LSE - Small Logo
LSE - Small Logo

Blog Admin

October 12th, 2012

In northern Poland, villagers are struggling against shale gas exploration that threatens to transform their lands and livelihoods.

1 comment | 1 shares

Estimated reading time: 5 minutes

Blog Admin

October 12th, 2012

In northern Poland, villagers are struggling against shale gas exploration that threatens to transform their lands and livelihoods.

1 comment | 1 shares

Estimated reading time: 5 minutes

Shale gas exploration, or ‘fracking’, is on the rise, and is not without controversy with many concerned about its potential for environmental damage. In northern Poland, gas and oil exploration companies are increasingly making use of the technique with the full support of the government. Edyta Materka looks at the response of local villagers and Kashubians – a Polish-German ethnic group – who are forming coalitions and pressure groups to challenge the exploitation of their ethnic lands and the threat to their agrarian livelihoods.

Ethnic minority rights and agrarian livelihoods have been compromised during shale gas exploration in agriculturally rich, northern Poland.

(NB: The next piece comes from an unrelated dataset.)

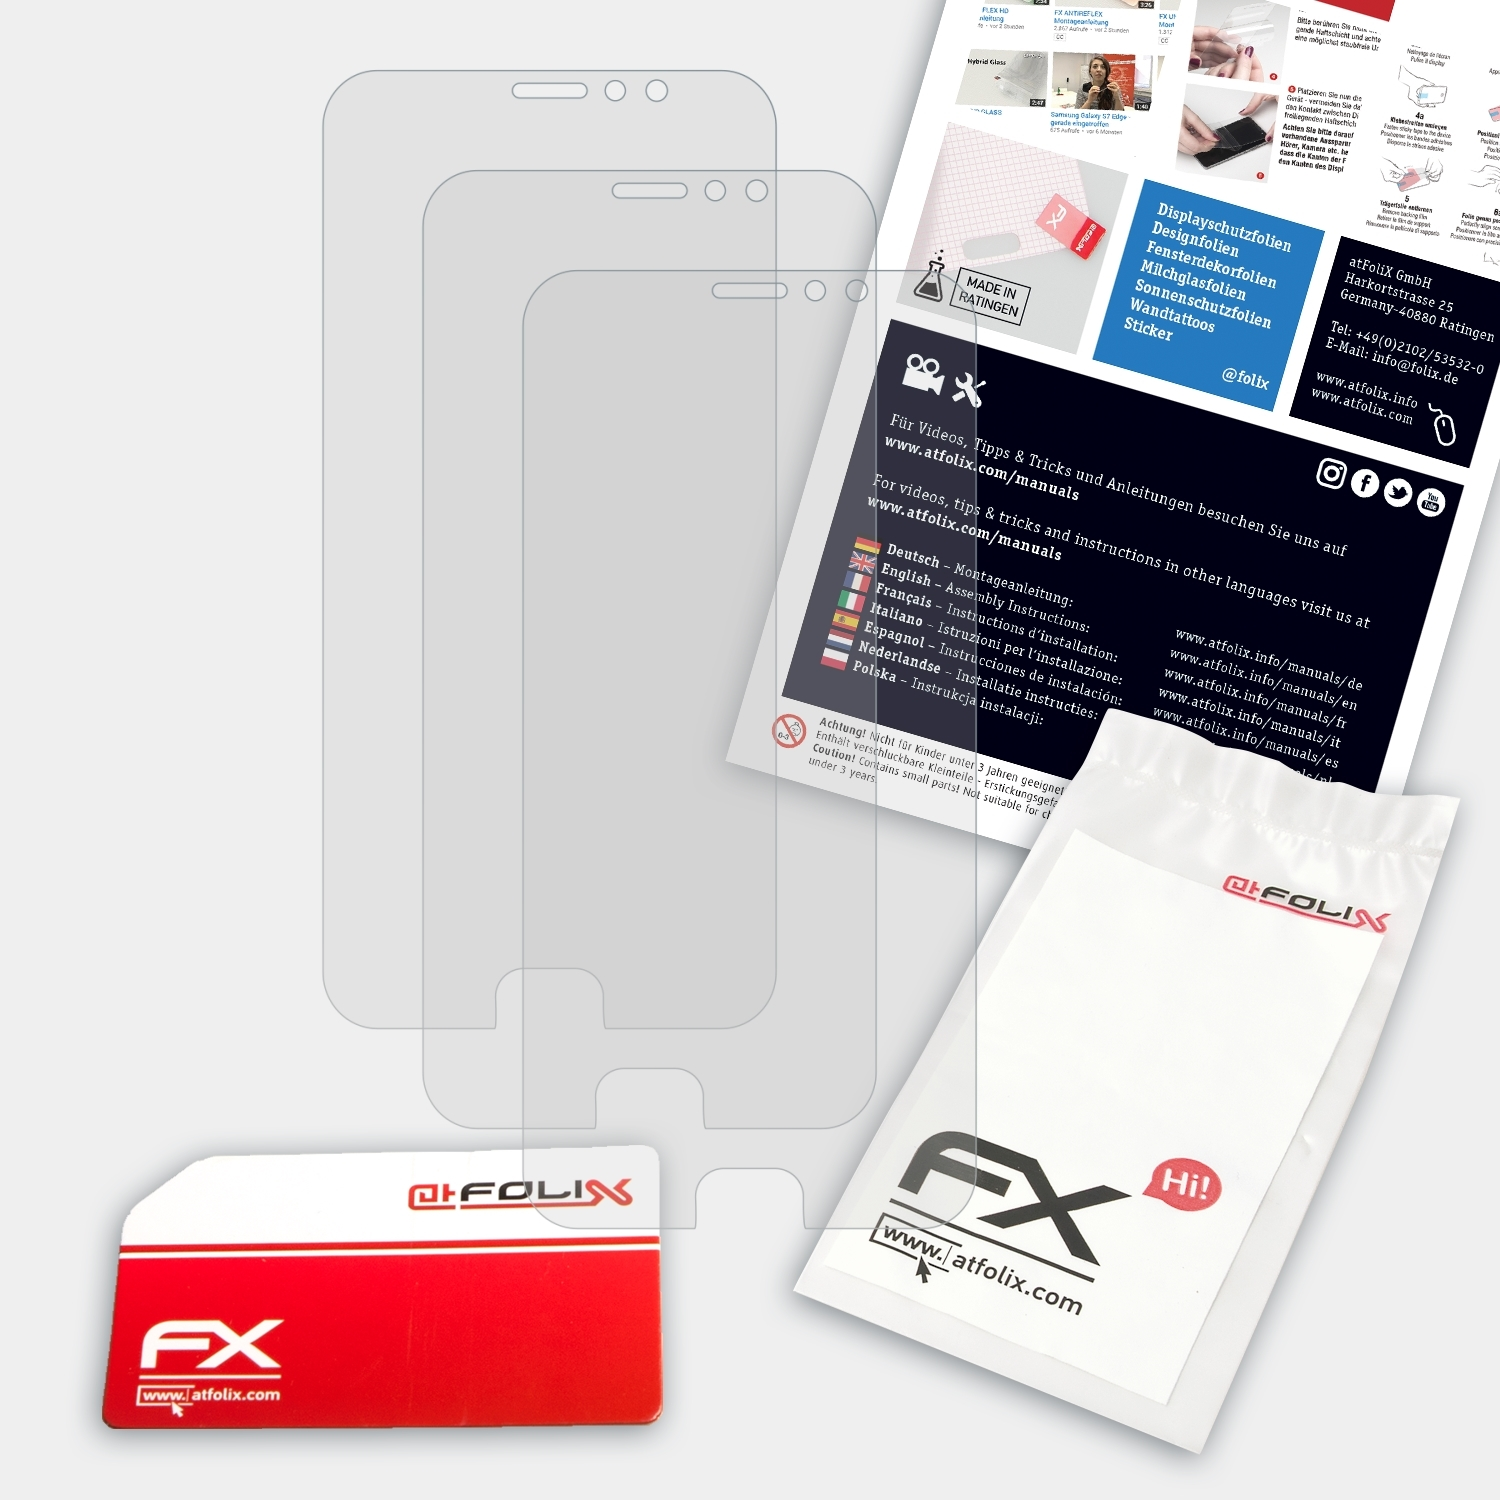 ATFOLIX Plus) Pro 6 Displayschutz(für Meizu FX-Antireflex 3x

Since August 2010, Poland’s Ministry of the Environment has given concessions to global and national oil, energy and gas companies covering 85% of the region. For the first time since the Solidarity Movement of the 1980s, villagers and Kashubians—a Polish-German ethnic group—have formed local and international coalitions to roll-back state shale interests from their private fields and protect their agrarian territory.

Kashubian region in northern Poland. Poznaniak (c) Wikimedia Commons

Shale gas exploration transforms rural landscapes. In the exploratory phase, concession-holders conduct seismological testing that weakens housing and water infrastructure. If shale is discovered, a rig is built by transporting heavy machinery that damages roads and agricultural fields. Hydraulic fracturing, or fracking, begins by injecting millions of gallons of water, sand and chemicals underground under high pressures to crack the shale and access the gas trapped between the shale rock. The 3-5 million gallons of water required per fracking site are extracted from local rivers, creeks and lakes. The chemical cocktail includes over 500 chemicals including benzene (a known carcinogen), methanol, hydrochloric acid, and sodium hydroxide. Water used in fracking that is left in evaporated pits requires close monitoring; however left-behind flowback water can also bring chemicals back to the surface and spread across fields. One exploration site can create village-wide ecological damage after the company moves on to exploit another site.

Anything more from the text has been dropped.